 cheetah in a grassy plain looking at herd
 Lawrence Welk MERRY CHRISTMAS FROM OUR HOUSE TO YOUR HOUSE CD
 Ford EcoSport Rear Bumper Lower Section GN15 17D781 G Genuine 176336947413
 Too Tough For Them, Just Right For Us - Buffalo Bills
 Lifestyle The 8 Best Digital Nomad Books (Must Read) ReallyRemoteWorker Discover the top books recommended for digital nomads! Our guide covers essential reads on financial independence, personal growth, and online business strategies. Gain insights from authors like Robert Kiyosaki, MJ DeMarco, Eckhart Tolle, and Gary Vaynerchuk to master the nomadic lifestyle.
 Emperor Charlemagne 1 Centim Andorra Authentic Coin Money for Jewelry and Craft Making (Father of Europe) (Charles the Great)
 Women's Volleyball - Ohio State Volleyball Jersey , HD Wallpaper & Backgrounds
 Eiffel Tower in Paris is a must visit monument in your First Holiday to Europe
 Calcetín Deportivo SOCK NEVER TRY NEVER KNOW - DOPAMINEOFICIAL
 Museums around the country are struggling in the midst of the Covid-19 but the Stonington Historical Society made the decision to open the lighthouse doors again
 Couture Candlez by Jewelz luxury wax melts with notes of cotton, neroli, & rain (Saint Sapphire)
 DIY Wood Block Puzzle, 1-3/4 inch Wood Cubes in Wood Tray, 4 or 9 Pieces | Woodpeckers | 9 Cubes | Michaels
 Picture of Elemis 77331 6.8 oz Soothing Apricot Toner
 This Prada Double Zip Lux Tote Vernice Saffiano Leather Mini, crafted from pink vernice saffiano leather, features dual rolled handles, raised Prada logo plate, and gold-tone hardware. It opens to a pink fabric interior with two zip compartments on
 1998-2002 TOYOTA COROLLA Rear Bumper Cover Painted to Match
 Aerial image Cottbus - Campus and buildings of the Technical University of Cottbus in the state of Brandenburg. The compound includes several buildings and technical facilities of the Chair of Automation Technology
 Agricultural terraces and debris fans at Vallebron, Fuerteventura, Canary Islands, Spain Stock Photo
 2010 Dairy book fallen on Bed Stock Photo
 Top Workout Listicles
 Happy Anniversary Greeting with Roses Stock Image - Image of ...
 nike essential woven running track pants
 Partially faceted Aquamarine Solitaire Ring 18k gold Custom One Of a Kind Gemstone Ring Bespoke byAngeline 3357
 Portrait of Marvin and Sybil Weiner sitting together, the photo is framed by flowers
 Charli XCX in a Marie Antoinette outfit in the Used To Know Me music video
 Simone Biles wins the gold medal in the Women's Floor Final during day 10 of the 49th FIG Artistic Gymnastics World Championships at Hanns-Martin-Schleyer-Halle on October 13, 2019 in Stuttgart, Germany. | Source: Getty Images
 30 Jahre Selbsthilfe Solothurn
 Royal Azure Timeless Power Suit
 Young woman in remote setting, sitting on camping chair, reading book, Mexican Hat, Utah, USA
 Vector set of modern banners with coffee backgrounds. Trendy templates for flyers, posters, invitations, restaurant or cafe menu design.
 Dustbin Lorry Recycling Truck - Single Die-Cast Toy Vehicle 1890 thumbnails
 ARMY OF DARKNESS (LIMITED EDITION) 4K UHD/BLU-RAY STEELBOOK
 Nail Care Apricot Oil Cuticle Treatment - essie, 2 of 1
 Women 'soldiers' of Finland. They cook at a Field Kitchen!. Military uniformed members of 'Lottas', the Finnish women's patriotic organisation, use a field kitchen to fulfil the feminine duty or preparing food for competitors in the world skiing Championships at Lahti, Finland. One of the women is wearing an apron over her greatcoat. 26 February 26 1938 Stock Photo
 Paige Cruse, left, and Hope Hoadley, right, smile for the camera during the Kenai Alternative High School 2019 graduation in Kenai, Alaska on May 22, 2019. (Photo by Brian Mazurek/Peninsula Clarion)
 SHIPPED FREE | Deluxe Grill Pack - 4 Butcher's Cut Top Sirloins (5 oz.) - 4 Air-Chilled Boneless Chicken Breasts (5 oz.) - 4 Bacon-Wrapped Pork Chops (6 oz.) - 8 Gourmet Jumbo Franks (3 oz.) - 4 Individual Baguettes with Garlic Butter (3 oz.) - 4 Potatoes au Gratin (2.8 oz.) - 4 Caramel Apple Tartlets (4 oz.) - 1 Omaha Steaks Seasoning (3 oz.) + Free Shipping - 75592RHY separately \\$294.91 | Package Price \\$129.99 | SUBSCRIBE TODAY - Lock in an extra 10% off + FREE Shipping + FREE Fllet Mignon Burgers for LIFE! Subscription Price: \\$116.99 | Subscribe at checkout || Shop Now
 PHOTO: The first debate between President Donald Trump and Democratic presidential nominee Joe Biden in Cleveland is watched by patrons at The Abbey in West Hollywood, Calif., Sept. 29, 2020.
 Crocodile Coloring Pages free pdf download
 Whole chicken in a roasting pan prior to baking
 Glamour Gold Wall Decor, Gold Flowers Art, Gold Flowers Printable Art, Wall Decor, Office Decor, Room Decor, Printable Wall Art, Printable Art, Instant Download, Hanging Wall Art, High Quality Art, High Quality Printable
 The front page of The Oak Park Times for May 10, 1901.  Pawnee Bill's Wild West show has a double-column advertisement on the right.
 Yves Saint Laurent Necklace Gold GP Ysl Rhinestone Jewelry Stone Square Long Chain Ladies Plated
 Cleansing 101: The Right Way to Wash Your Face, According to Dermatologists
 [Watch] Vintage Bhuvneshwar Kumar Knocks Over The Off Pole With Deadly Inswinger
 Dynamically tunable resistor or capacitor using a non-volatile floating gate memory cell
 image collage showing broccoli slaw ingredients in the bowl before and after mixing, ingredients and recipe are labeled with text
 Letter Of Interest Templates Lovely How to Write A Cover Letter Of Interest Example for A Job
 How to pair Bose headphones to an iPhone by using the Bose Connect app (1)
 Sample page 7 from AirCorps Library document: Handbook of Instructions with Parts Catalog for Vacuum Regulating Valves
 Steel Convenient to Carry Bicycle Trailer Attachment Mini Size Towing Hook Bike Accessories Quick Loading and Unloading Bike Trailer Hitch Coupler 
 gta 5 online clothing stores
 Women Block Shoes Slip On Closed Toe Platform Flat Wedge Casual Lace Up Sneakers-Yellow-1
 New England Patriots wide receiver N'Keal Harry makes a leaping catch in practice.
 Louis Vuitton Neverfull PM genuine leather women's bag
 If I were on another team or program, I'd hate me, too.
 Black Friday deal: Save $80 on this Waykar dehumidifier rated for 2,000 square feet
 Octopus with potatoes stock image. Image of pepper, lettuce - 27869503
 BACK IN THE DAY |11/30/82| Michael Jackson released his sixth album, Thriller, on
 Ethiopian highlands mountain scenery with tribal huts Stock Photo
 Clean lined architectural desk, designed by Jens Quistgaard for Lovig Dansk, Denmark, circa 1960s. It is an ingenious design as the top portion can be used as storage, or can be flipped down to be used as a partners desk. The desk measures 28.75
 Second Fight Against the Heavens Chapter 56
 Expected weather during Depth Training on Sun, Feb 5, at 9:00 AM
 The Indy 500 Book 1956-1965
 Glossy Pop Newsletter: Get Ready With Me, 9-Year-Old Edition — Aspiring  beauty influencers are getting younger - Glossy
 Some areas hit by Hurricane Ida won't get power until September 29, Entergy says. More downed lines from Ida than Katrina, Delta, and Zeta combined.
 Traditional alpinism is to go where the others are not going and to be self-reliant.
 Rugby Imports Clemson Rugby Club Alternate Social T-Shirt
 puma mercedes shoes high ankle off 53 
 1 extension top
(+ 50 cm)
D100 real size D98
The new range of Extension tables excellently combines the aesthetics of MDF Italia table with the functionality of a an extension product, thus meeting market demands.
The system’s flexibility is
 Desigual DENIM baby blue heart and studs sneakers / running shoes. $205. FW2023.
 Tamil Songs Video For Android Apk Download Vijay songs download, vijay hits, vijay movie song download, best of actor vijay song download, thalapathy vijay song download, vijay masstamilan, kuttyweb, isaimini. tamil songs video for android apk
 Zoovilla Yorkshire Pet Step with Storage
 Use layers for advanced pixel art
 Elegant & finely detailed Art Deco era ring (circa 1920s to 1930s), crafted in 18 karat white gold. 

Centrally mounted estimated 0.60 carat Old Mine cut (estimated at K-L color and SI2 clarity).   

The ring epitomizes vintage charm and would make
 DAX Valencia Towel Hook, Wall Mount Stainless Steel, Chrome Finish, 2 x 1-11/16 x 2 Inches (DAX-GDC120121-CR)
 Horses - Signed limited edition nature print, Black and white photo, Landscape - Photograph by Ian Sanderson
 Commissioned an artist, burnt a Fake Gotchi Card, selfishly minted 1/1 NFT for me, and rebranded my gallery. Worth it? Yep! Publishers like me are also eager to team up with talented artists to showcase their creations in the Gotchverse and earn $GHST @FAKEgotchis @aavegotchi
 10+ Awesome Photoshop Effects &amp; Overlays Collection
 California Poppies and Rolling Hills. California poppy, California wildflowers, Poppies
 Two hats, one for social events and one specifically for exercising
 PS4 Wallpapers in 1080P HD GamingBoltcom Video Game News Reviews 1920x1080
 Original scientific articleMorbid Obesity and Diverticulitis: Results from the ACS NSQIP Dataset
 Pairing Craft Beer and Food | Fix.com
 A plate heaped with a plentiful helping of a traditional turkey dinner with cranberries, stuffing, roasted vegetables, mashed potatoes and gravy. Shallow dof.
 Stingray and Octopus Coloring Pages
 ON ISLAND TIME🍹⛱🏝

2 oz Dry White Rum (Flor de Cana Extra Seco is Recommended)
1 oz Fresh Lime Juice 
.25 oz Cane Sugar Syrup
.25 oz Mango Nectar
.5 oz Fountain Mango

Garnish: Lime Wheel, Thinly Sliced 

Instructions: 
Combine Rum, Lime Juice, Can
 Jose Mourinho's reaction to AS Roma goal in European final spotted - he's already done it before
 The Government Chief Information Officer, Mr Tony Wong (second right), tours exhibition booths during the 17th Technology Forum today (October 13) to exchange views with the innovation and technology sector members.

☆ ☆ ☆ ☆

§ **Activity**
Only lines with the word "crafted" are wanted, so copy each one from the records.

§ **Result for this task**
 This Prada Double Zip Lux Tote Vernice Saffiano Leather Mini, crafted from pink vernice saffiano leather, features dual rolled handles, raised Prada logo plate, and gold-tone hardware. It opens to a pink fabric interior with two zip compartments on
 Elegant & finely detailed Art Deco era ring (circa 1920s to 1930s), crafted in 18 karat white gold. 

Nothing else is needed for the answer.